= Provided data =
------------------------------------------------------------------------

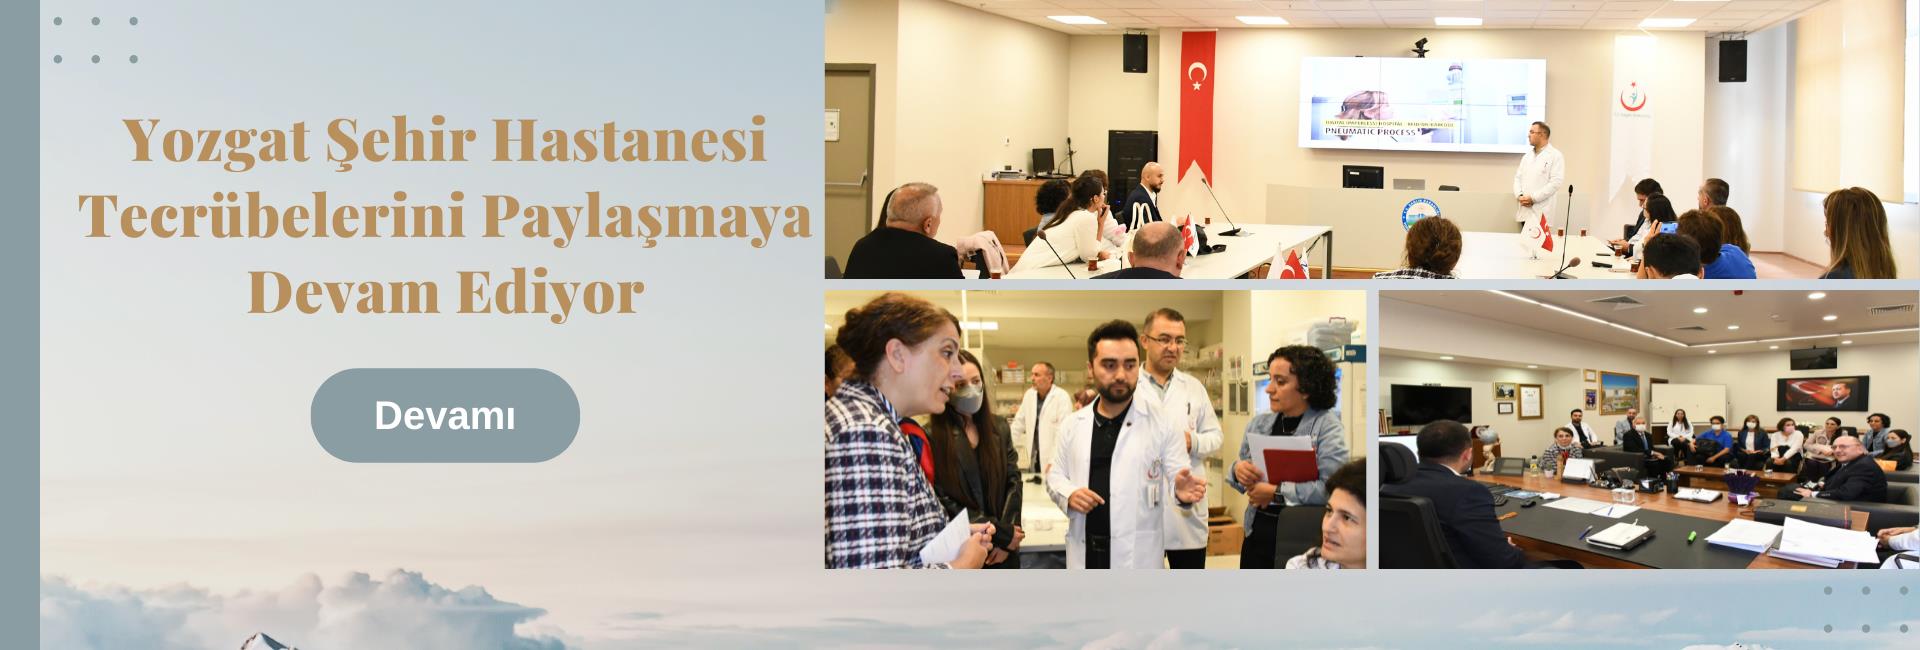 Yozgat Şehir Hastanemiz Tecrübelerini Paylaşmaya Devam Ediyor
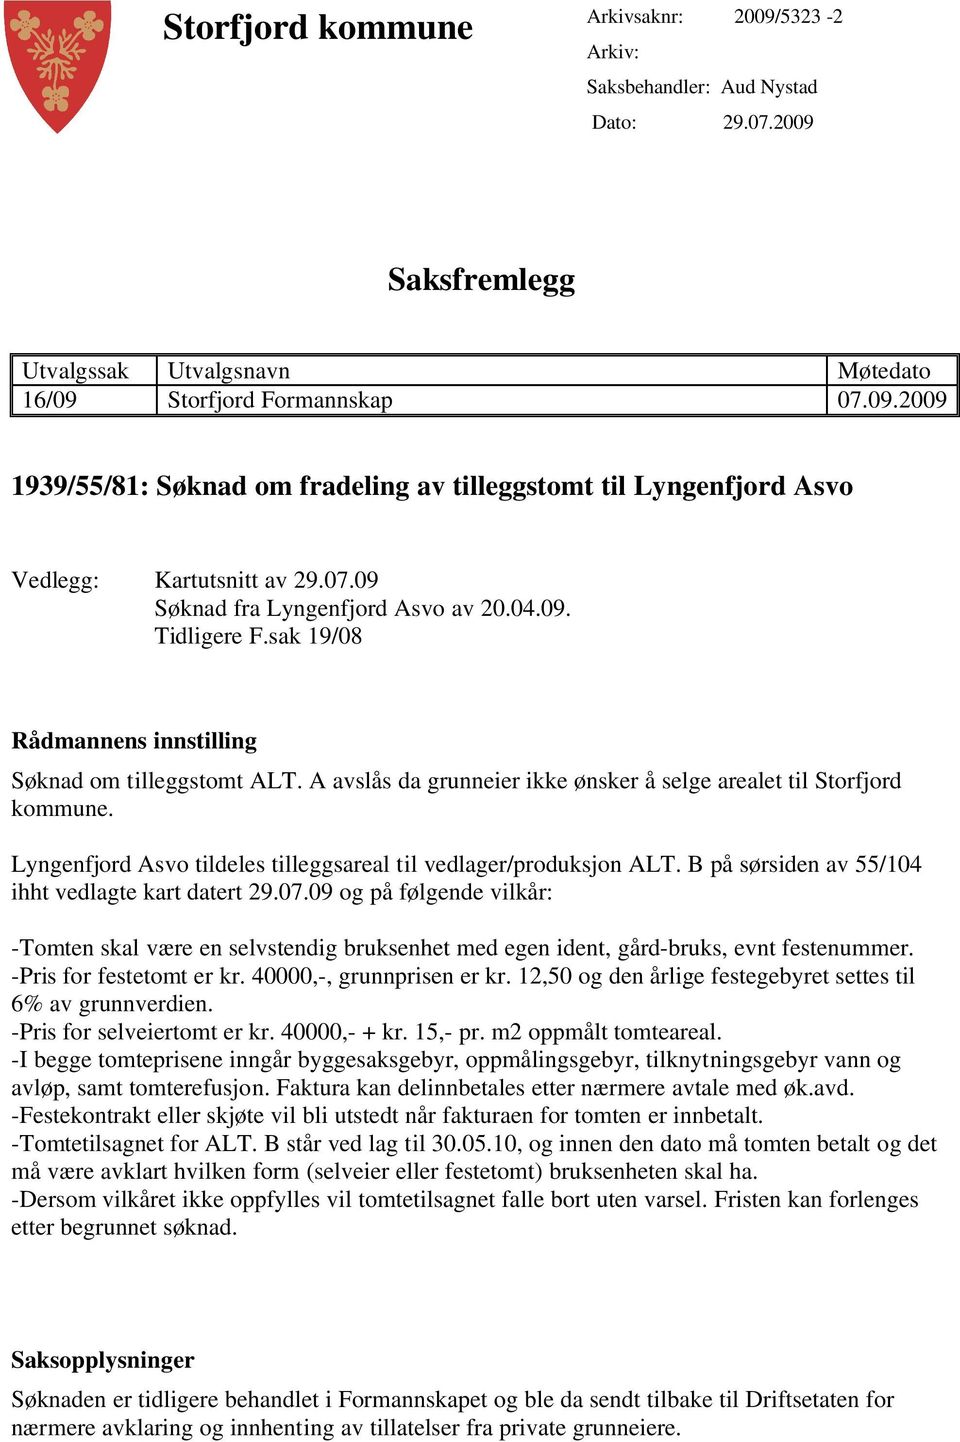 Lyngenfjord Asvo tildeles tilleggsareal til vedlager/produksjon ALT. B på sørsiden av 55/104 ihht vedlagte kart datert 29.07.
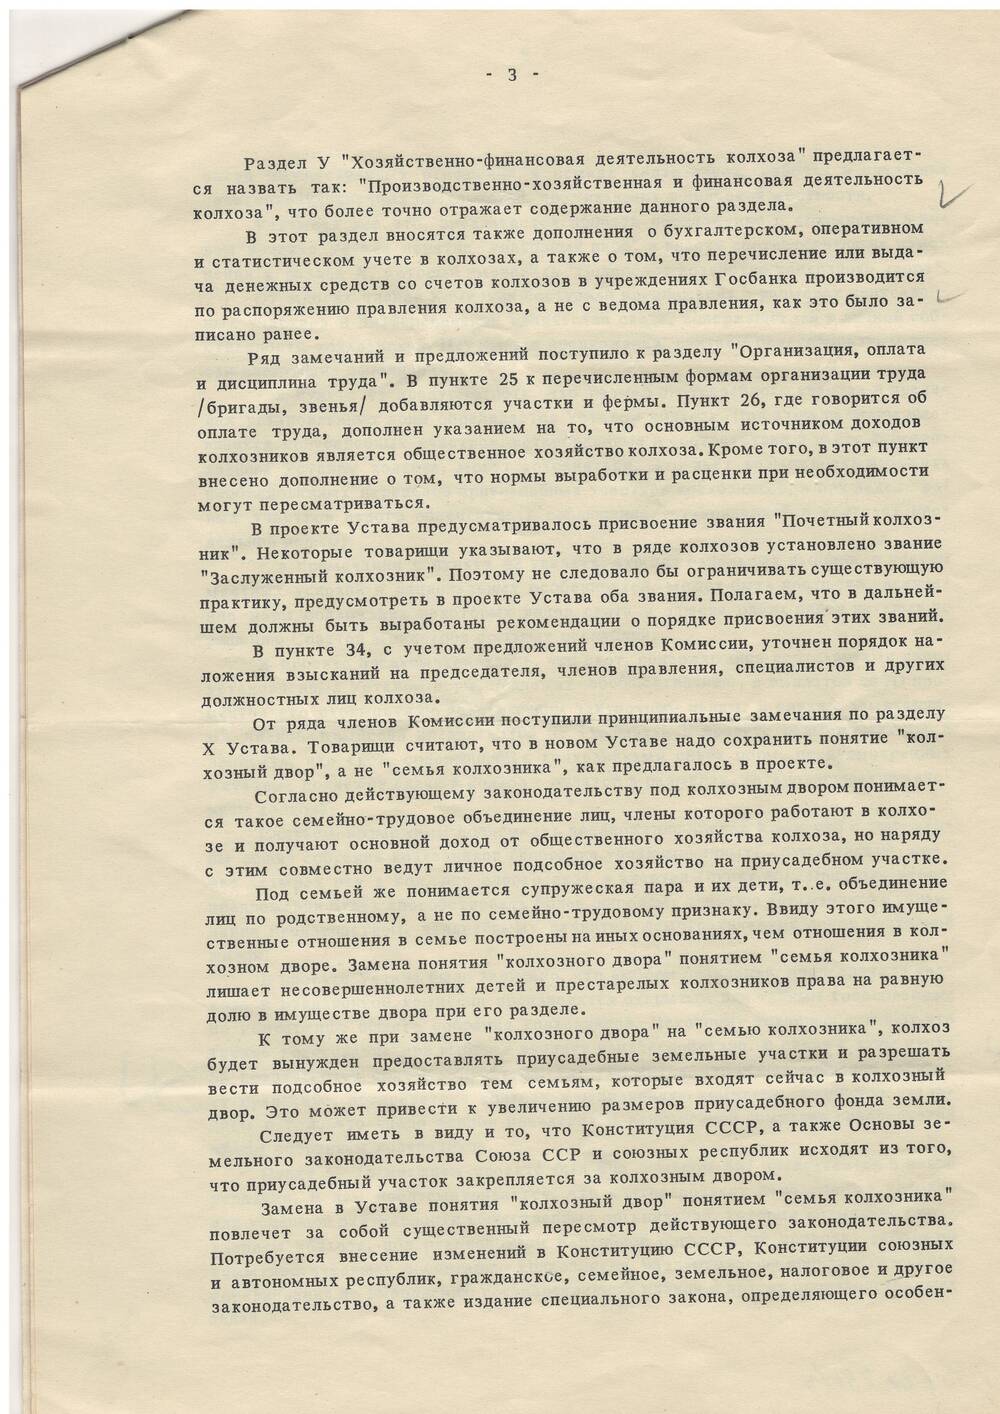 Фрагмент о замечаниях проекта Устава 1969 год

------------------------------------------------------------------------

= Work instruction =
Write out the material above exactly, and omit the pictures it holds.

= Output for this exercise =
 Yozgat Şehir Hastanemiz Tecrübelerini Paylaşmaya Devam Ediyor
 Lyngenfjord Asvo tildeles tilleggsareal til vedlager/produksjon ALT. B på sørsiden av 55/104 ihht vedlagte kart datert 29.07.
 Фрагмент о замечаниях проекта Устава 1969 год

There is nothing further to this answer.